Despite this research — and the newfound political energy of the antitrust movement — merger-based layoffs are still endemic, but there are efforts underway to push back. As Federal Trade Commission Chair Lina Khan has made clear, the days of rubber stamping mergers are over, but her capacity and authority are limited. A bill proposed this past spring by Sen. Elizabeth Warren (D-Mass.) and Rep. Alexandria Ocasio-Cortez (D-N.Y.) promised to pause merger activity and, if passed, would have saved thousands of jobs as covid wreaked havoc on the economy. Another bill, introduced by Sen. Amy Klobuchar (D-Minn.), would take a more moderate but still useful approach by banning giant corporations from sucking up smaller ones. Sen. Josh Hawley (R-Mo.) has introduced similar legislation. States such as New York and California are considering major changes to their own antitrust laws. Another idea that could slow the pace of mergers is new legislation that would simply ban the massive “golden parachutes” CEOs get for agreeing to sell out.

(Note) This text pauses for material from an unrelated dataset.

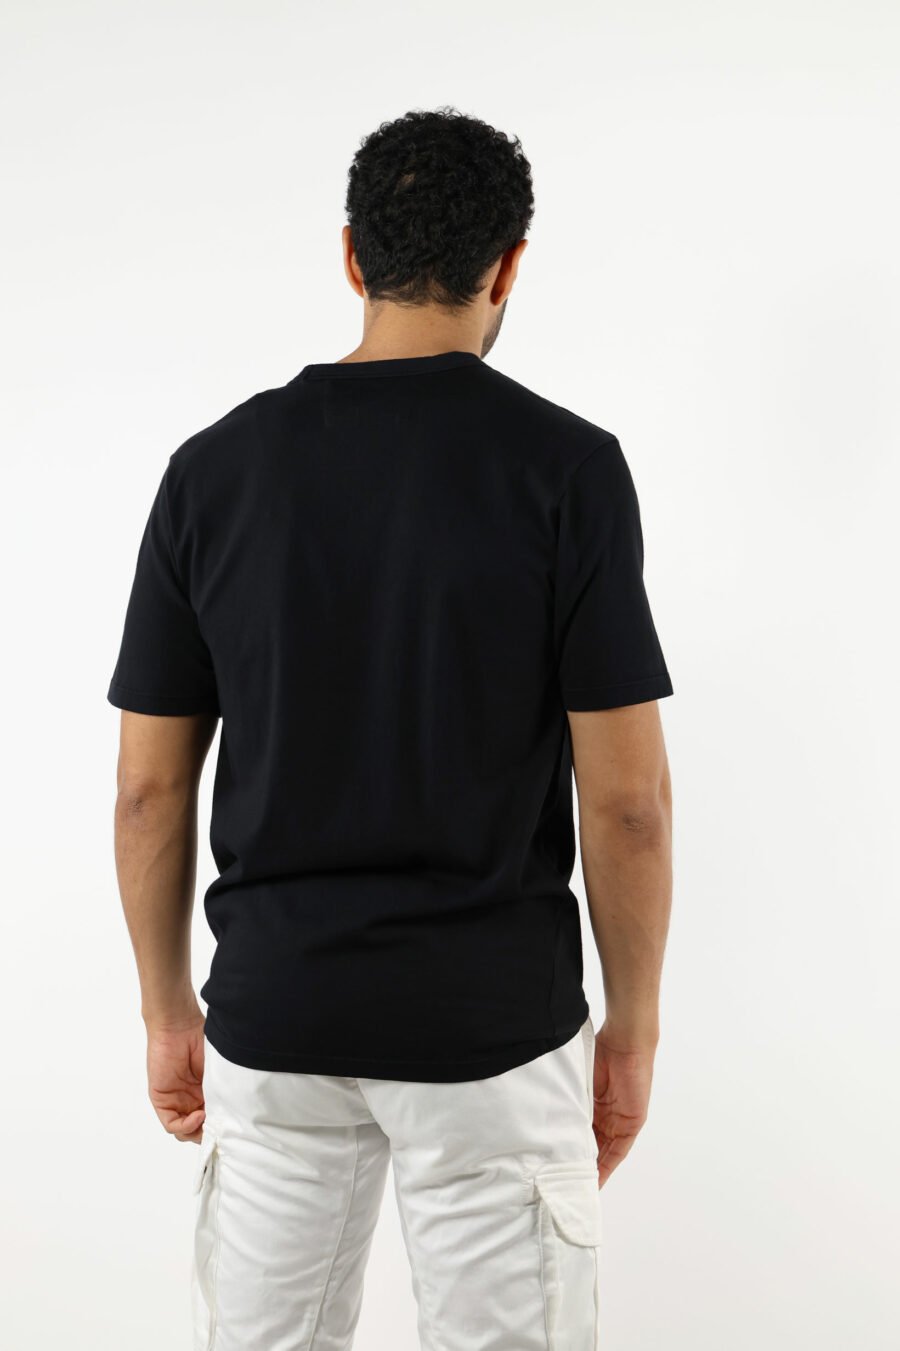 Camiseta negra con bolsillos y minilogo "cp" - 111332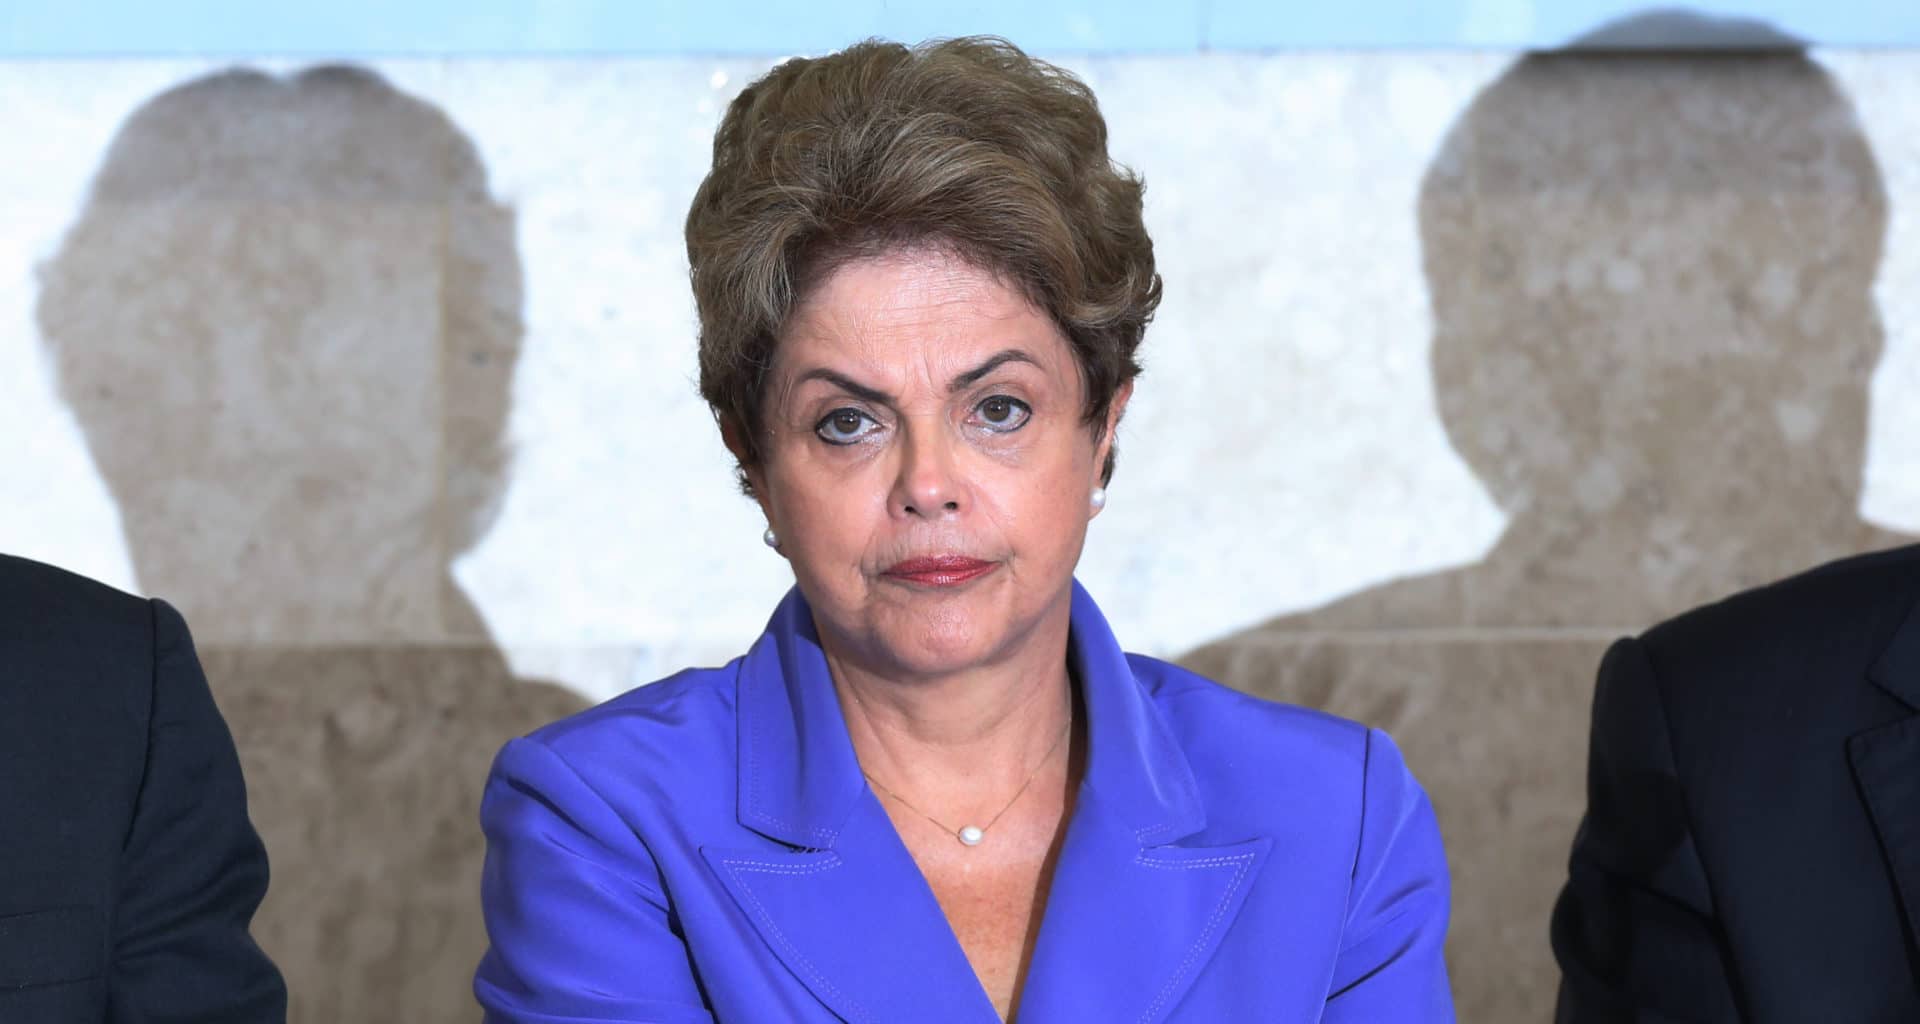 Como a Crise Política no Brasil pode ser abordada nos vestibulares?

It’s clear that when we think about dispiriting job numbers — and the awful realities of job loss on individual lives and families — we should recognize that corporate consolidation plays a role. As antitrust enthusiasm picks up speed, leaders in Congress and the Biden administration must reject the old bipartisan consensus that looked the other way where workers were concerned, recognizing instead that layoffs are very much a part of the problem. If they want to save American jobs, that means putting a stop to the merger frenzy. It might even save their own.